You can parse information using an XPath reference, such as the first_name element value:

* | parse xml "/users/user/first_name/text()" as first_name

The text() function will pull the text value of the element. The results would return a field named first_name with the value of Sally.

To parse the id attribute you'd use the following:

* | parse xml "/users/user/@id" as id

The results would return a field named id with a value of 123.

Parse a field in an array with the same name

To parse the second user element in the array you'd use the following:

* | parse xml "/users/user[2]/first_name/text()" as first_name

The results would return a field named first_name with a value of Bob.

To parse the id value for this element you'd use the following:

* | parse xml "/users/user[2]/@id" as id

To parse the last element in an array you'd use the following:

* | parse xml "/users/user[last()]/first_name/text()" as first_name

To parse an element based on an attribute, in this example where id="456", you'd use the following:

* | parse xml "/users/user[@id=456]/first_name/text()" as first_name"

Example 2

This example references the following log:

<af type="nursery" id="102" timestamp="Nov 20 04:41:11 2013" intervalms="1089510.533">
<minimum requested_bytes="48" />
<time exclusiveaccessms="0.163" meanexclusiveaccessms="0.163" threads="0" lastthreadtid="0x0000000034520C00" />
<refs soft="40652" weak="35055" phantom="594" dynamicSoftReferenceThreshold="10" maxSoftReferenceThreshold="32" />
<nursery freebytes="0" totalbytes="324978688" percent="0" />
<tenured freebytes="61087704" totalbytes="553484288" percent="11" >
<soa freebytes="33414104" totalbytes="525810688" percent="6" />
<loa freebytes="27673600" totalbytes="27673600" percent="100" />
<refs soft="40619" weak="29867" phantom="586" dynamicSoftReferenceThreshold="10" maxSoftReferenceThreshold="32" />
<time totalms="91.622" />
</af>

Parse a field

You can parse information using an XPath reference, such as:

* | parse XML "/af/@type"

This will add the value of the attribute type, of the root af element, in a field called /af/@type, with value nursery.

The results are:

Parse a more complex field

Use a query such as:

* | parse xml "/af/minimum/@requested_bytes"
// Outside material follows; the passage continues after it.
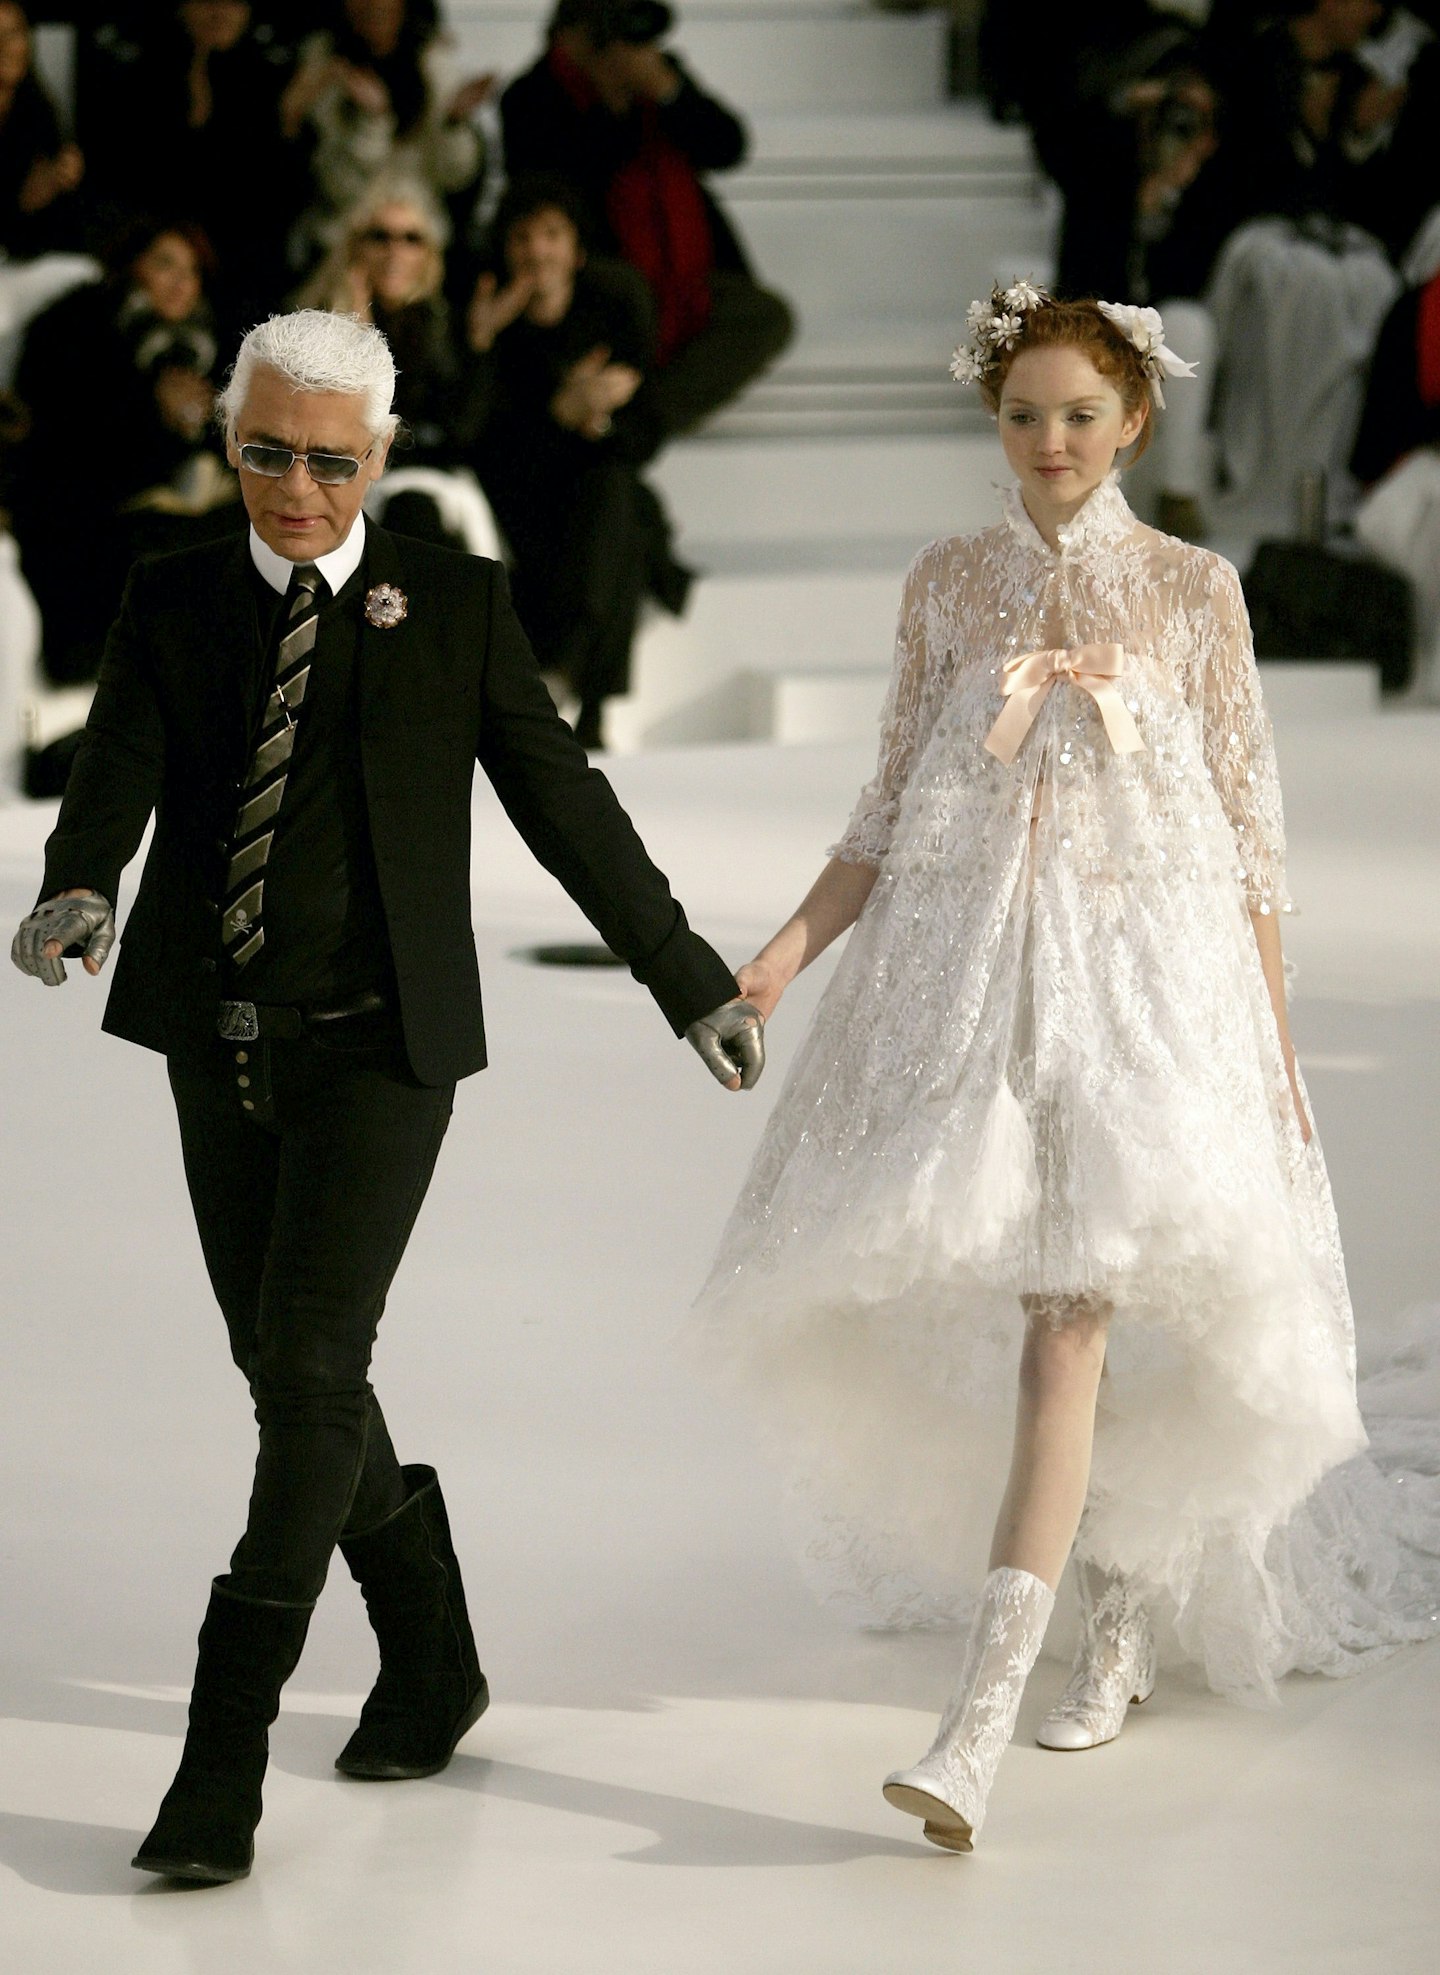 Chanel exhibition catwalk moments Karl Lagerfeld and Lily Cole in The Chanel Fall 2006 Finale

This will add the value of the attribute requested_bytes, of the root af/minimum element, in a field called /af/minimum@requested_bytes, with the number of requested bytes.

Parse multiple fields

Use a query such as:

| parse xml "/af/@type", "/af/@timestamp"

This will add the value of the attribute type and timestamp, of the root af element, in a field called /af/@type and /af/@timestamp, with value nursery and Nov 20 04:41:11 2013 respectively.

xml multiple fields results.png

XPath subset limitations

The full XPath 1.0 specification is not supported. In order to increase performance, Sumo Logic supports a subset of the specification, including the following caveats:

Forward only

The XML operator only allows XML paths to go deeper into the tree. For example, this expression is not allowed:

/af/nursery/../@type

Full location paths

You must specify the full path to the elements you want to parse. This means that "self-or-descendant" expressions are not supported. For example, the following paths are not allowed:

//af

/af//nursery

No expanded syntax axis specifiers

Expanded syntax is not supported. For example, the following expressions cannot be used:

/child::af

/descendant-or-self::af